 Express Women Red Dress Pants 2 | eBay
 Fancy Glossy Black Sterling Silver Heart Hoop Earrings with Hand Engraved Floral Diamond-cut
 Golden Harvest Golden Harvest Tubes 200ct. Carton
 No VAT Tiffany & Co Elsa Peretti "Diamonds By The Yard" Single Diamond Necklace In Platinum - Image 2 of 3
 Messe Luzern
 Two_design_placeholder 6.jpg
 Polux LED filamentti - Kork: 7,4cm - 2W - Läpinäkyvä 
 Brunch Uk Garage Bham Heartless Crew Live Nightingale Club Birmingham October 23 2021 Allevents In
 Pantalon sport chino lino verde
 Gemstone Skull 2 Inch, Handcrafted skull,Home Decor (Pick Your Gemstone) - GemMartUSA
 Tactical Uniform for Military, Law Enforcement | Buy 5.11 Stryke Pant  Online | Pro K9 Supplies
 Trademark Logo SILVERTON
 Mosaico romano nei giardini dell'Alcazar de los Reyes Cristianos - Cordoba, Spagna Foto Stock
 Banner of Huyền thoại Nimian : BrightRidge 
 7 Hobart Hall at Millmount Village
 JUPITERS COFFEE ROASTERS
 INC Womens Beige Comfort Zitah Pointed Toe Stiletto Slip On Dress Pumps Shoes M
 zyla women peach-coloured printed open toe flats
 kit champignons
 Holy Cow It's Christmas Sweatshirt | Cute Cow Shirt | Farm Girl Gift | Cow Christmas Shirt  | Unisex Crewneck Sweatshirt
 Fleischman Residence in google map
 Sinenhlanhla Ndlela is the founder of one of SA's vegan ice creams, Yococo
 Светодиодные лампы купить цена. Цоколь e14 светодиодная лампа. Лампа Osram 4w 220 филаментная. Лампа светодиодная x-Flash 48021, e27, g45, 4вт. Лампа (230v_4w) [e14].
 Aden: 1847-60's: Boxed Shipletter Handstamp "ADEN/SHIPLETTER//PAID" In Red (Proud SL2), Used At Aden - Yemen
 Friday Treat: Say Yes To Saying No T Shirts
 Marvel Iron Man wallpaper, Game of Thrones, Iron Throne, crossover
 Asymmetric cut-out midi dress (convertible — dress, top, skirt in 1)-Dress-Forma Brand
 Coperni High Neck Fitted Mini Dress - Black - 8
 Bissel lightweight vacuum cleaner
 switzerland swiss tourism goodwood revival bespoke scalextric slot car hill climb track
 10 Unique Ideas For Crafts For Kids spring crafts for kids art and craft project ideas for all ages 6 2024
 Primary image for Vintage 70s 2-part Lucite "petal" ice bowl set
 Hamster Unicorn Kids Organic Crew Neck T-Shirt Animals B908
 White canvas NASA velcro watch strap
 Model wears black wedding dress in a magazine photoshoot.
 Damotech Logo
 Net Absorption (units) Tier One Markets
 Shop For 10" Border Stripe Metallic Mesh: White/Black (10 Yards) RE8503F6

→ **Task to carry out**
Exactly as they appear, retype the lines from the start of the records through the line containing "Golden Harvest Golden".

→ **Exercise solution**
 Express Women Red Dress Pants 2 | eBay
 Fancy Glossy Black Sterling Silver Heart Hoop Earrings with Hand Engraved Floral Diamond-cut
 Golden Harvest Golden Harvest Tubes 200ct. Carton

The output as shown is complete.